● **TRY IT**:
With pictures excluded, repeat exactly the lines from the one containing "Convocatorías de Posgrados" through the last line of the material below.

● **MATERIAL PROVIDED**:
········

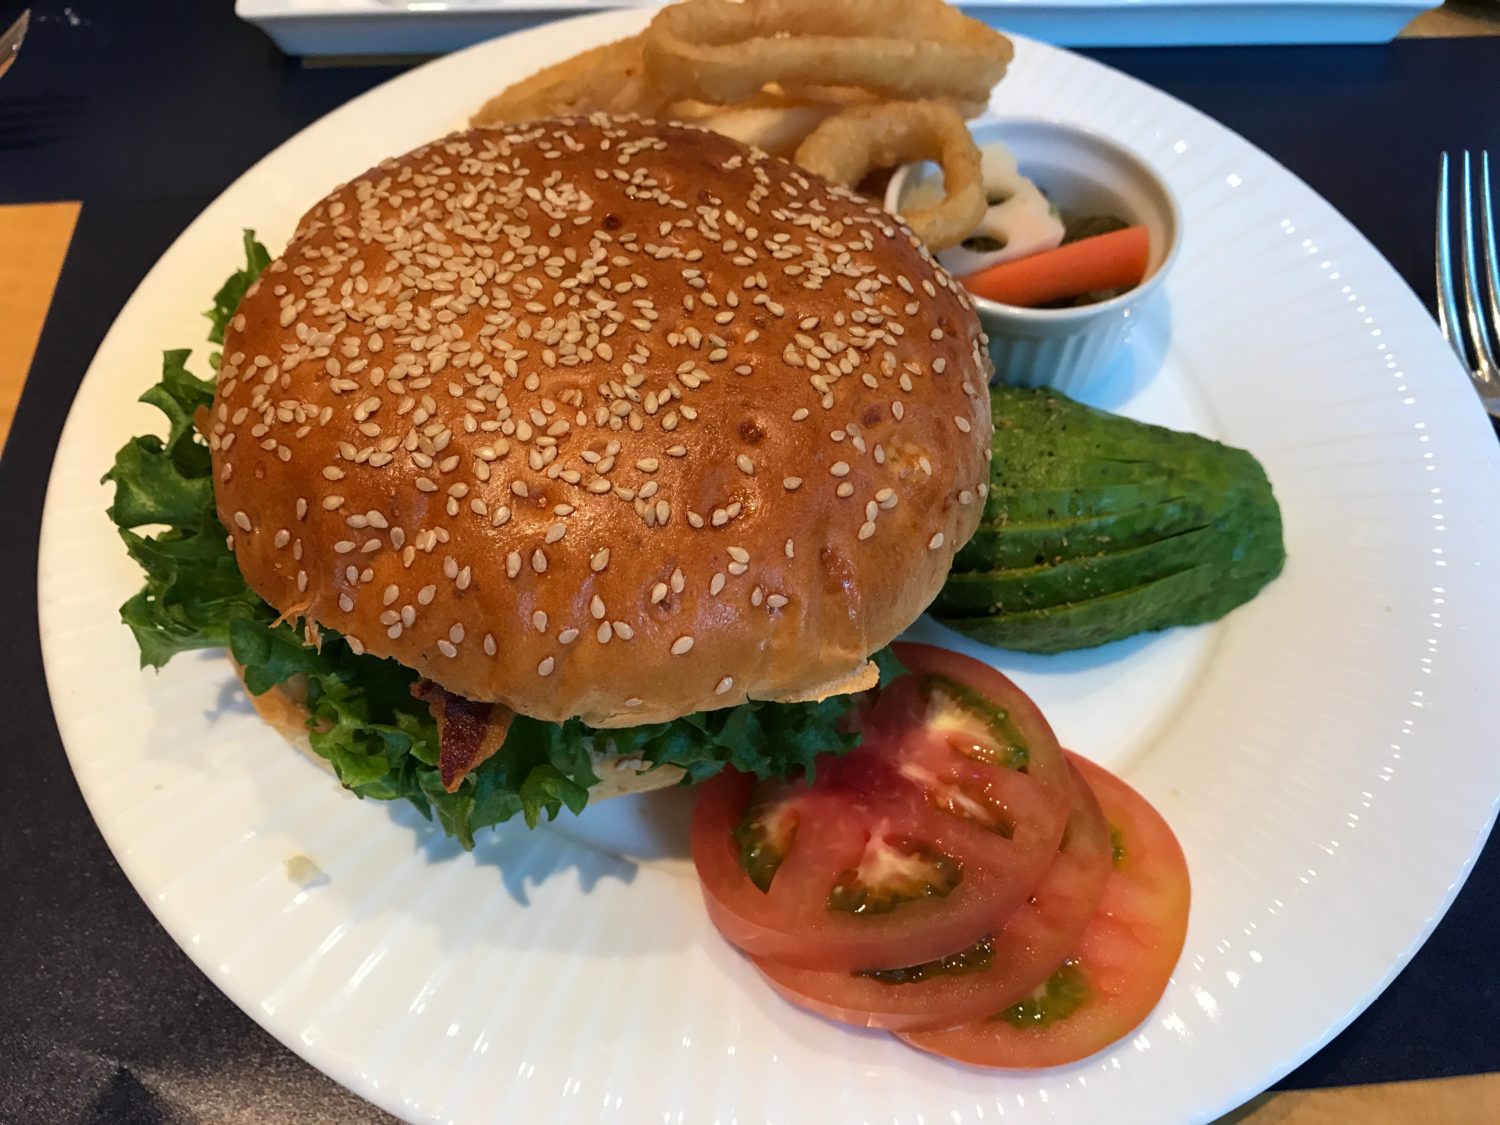 セルリアンタワー東急ホテルで食べた「ビッグハンバーガー」は、ひとりでは食べきれない大きさ
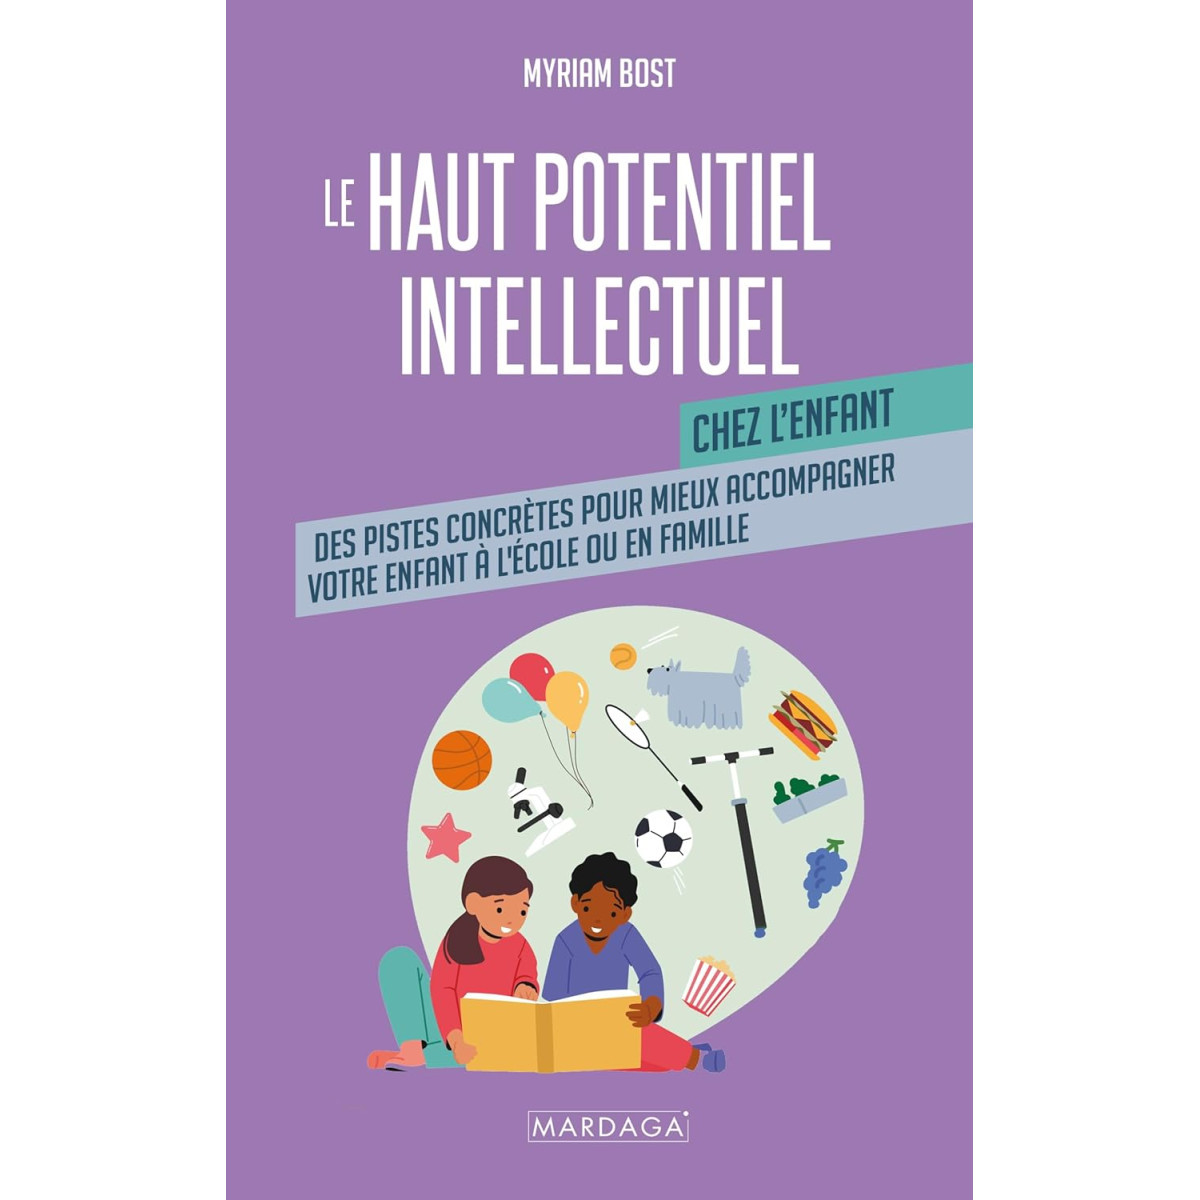 Le haut potentiel intellectuel chez l'enfant: Un guide pratique pour mieux accompagner votre enfant à l’école et en famille
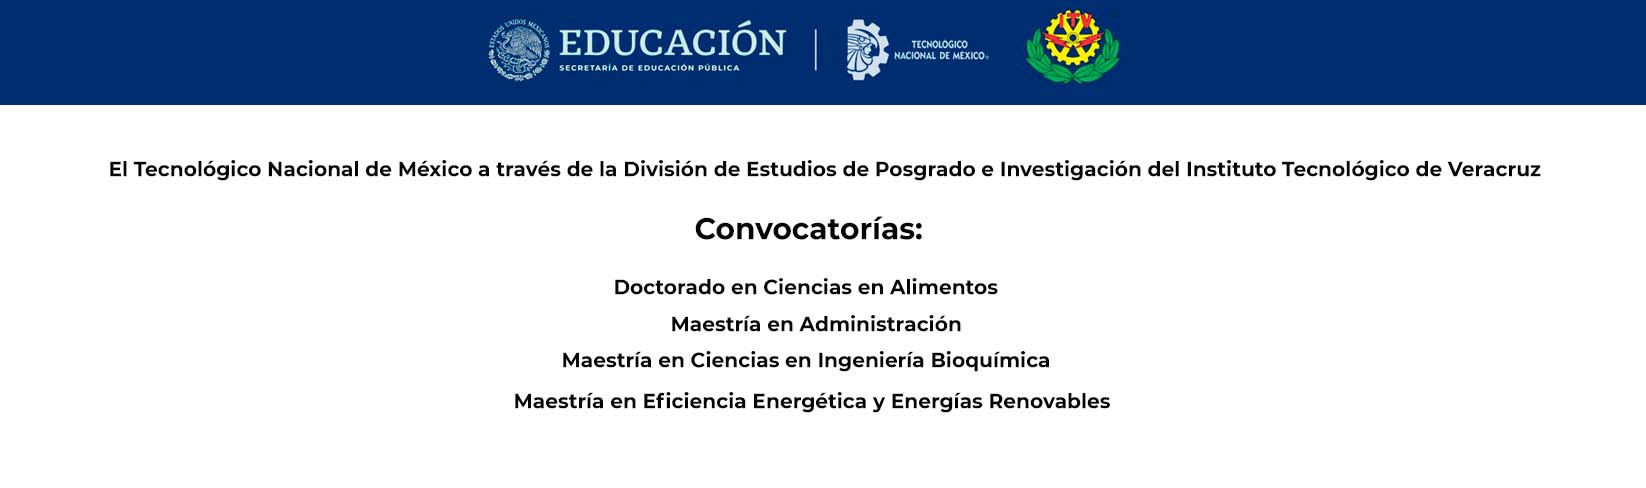 Convocatorías de Posgrados del TecNM Veracruz
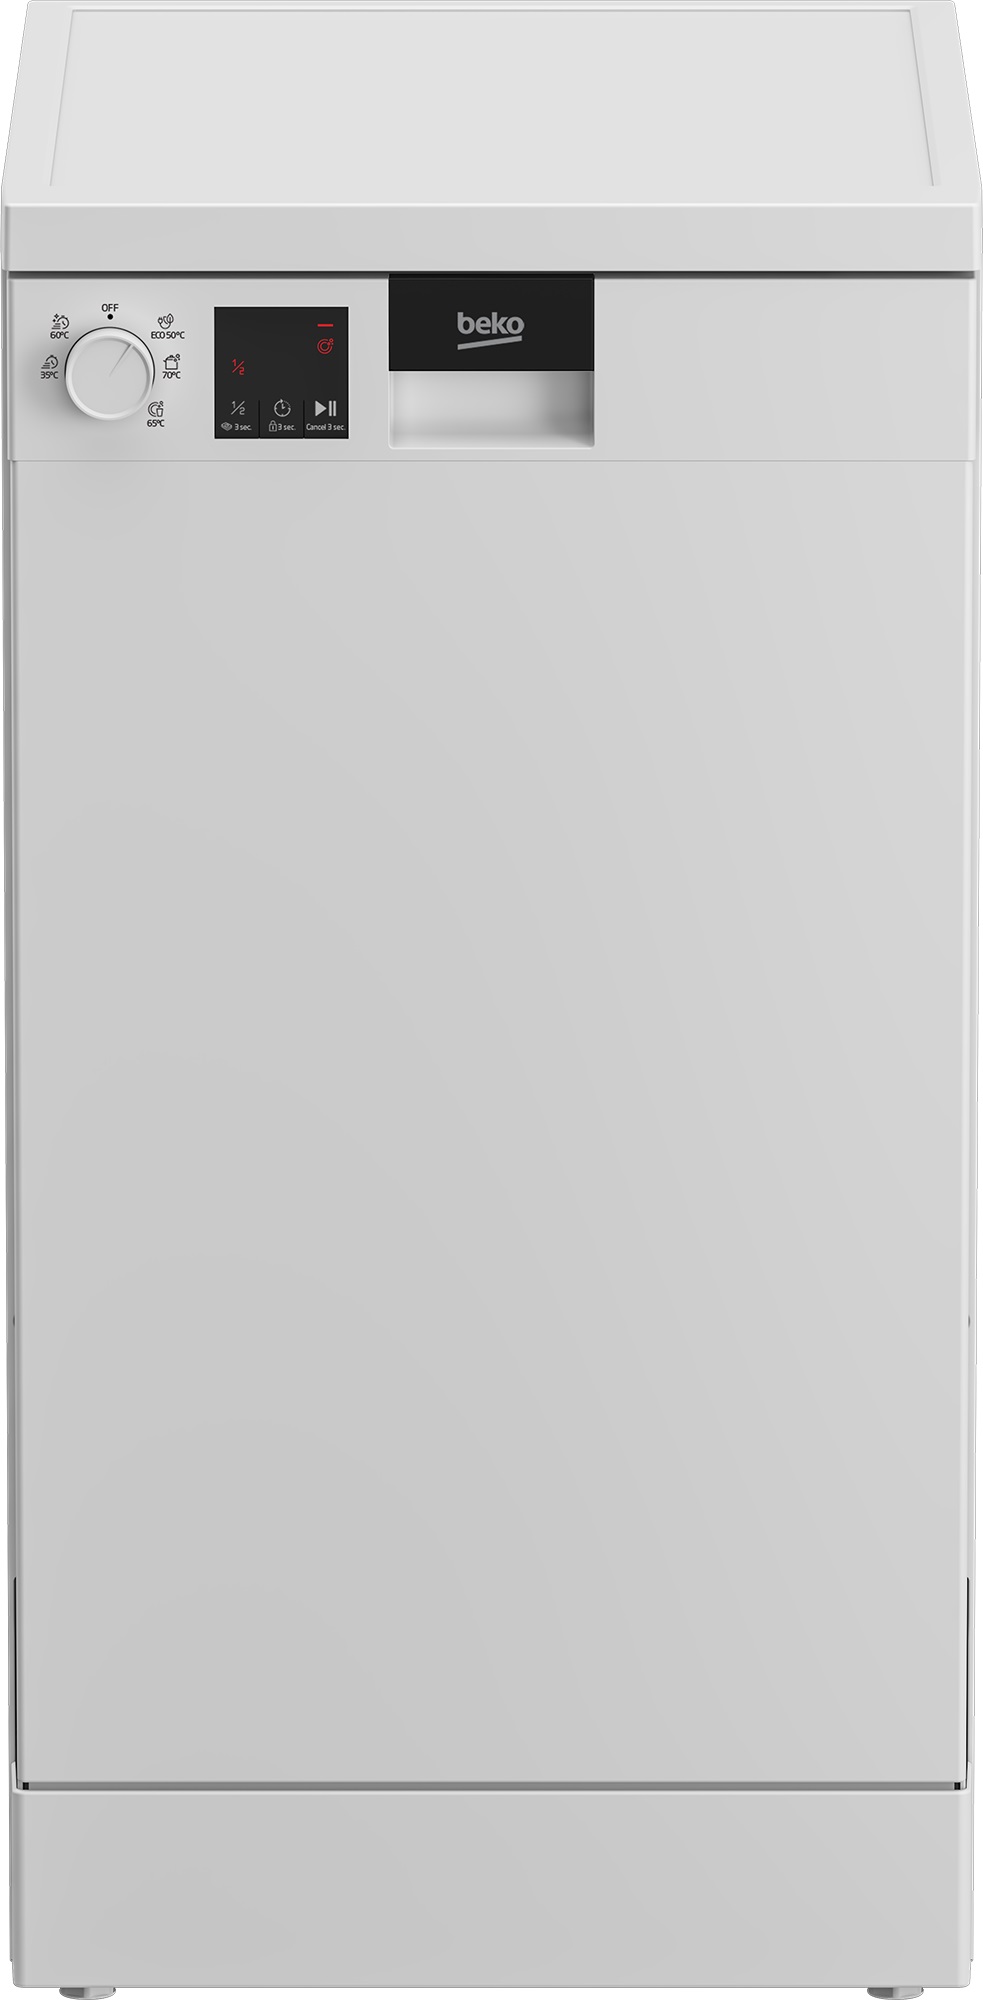 Посудомоечная машина Beko DVS050R01W белый встраиваемая посудомоечная машина beko bdin16520q

········

● **RESPONSE**:
 Convocatorías de Posgrados del TecNM Veracruz
 Посудомоечная машина Beko DVS050R01W белый встраиваемая посудомоечная машина beko bdin16520q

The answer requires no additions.